The historical narrative of long-term institutional change at firms suggests that the delineation of public and private security responsibilities is constantly being renegotiated by various stakeholders. For instance, one corporate officer in a recent interview captured this need for additional understanding of the changing public-private interface in the following manner:

“What we need to do… is recalibrate the public perception of what security is and also the private sector’s view of what security is. I dismiss the idea that these are tradeoffs. That you have to [trade] security with efficiency. That you have to [trade] security with privacy. There are tensions here that have to be worked out, but it is not a zero sum game. That’s how it has often been portrayed, so it often reinforces the clash of norms that you are looking at here. There are important opportunities for these things to be mutually reinforcing. Part of it is stepping back and looking at what is the end we are trying to achieve. What are we trying to secure? For many in the law enforcement perspective and the national security side, that is easy: we have to keep loss of life to a minimum or keep any risk of violence in check. We have to do whatever it takes to prevent the loss of life or destruction of property. And these are the protective measures one must do to mitigate those risks.

“But what is misguided about that [mindset] is that it misunderstands the role that the maritime transportation industry and other critical infrastructure sectors provide, which is: they are not just assets that pose risk – they are systems and networks that provide enormous benefits that are central to the way our society functions, and if we do not have mobility and the ability to connect with markets around the world, the United States with just five percent of the world’s population – obviously a much larger share of the world’s economic activity – is largely an island nation when it comes to how the global economy is working today. And its umbilical cord to the economic life or the international community is the maritime transportation system.”

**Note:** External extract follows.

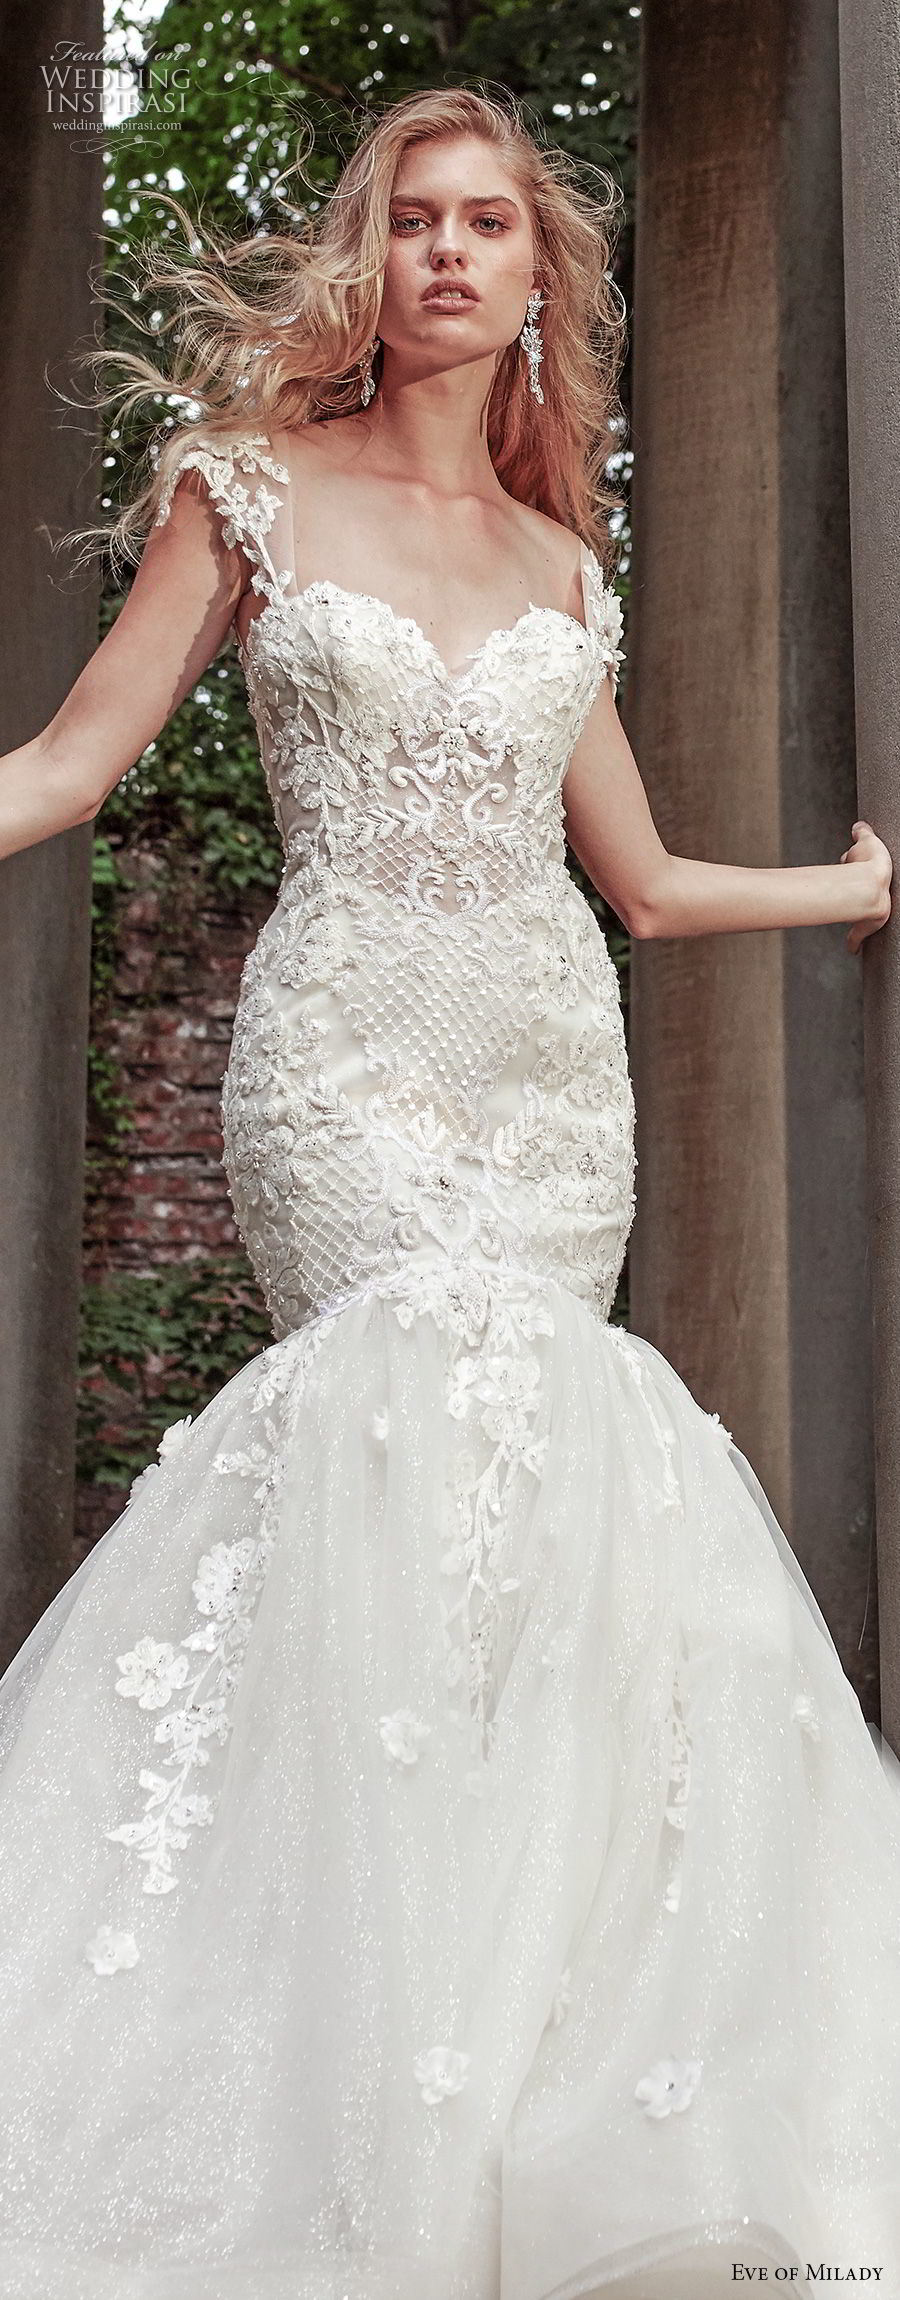 2018 Bridal Evening Gowns Cap Sleeve Lace Mermaid Wedding Dresses Z2081

This framing of seaports as part of a larger system is absolutely essential to the long-term development of effective and sustainable governance structures. Reflecting on the cascading effects of critical infrastructure failures, seaports in the modern age have never been more important both from a security perspective and an economic perspective. The same is true for many other types of firms in many different industries. The connected global supply system means each piece is critical to the overall success of the system.

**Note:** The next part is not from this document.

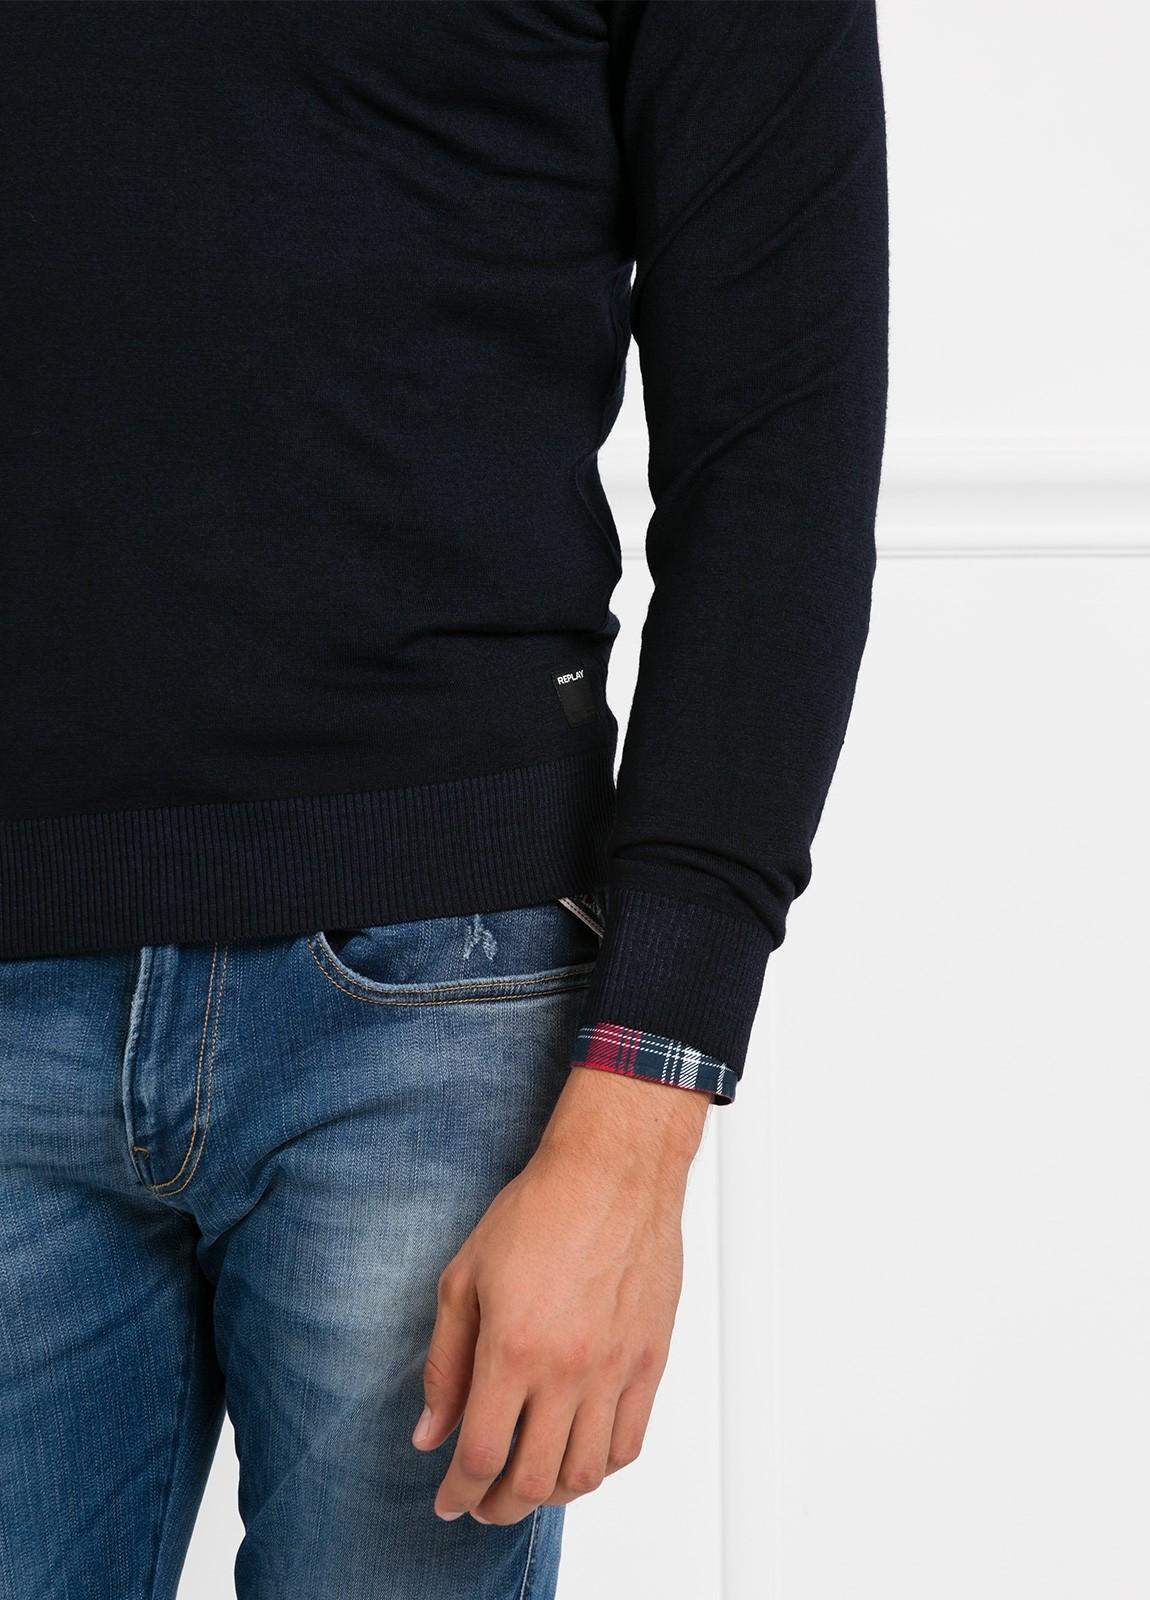 Suéter manga larga, cuello pico, color azul marino. 100% Lana. - Ítem1

Understanding private firms as part of an extended system of systems also emphasizes the fallacy of creating security policy in a vacuum like that of the Beltway in D.C. A complex system requires the integration and strengthening of public-private partnerships that share mutual long-term interests. Simply outsourcing security from the public to the private sector is not a long-term solution without an articulated, shared vision for the future.    

Dr. Daniel Ostergaard is an international business professor at the University of South Carolina. The views and opinions expressed in this article are those of the author and do not necessarily reflect the official policy or position of any other agency, organization, employer or company.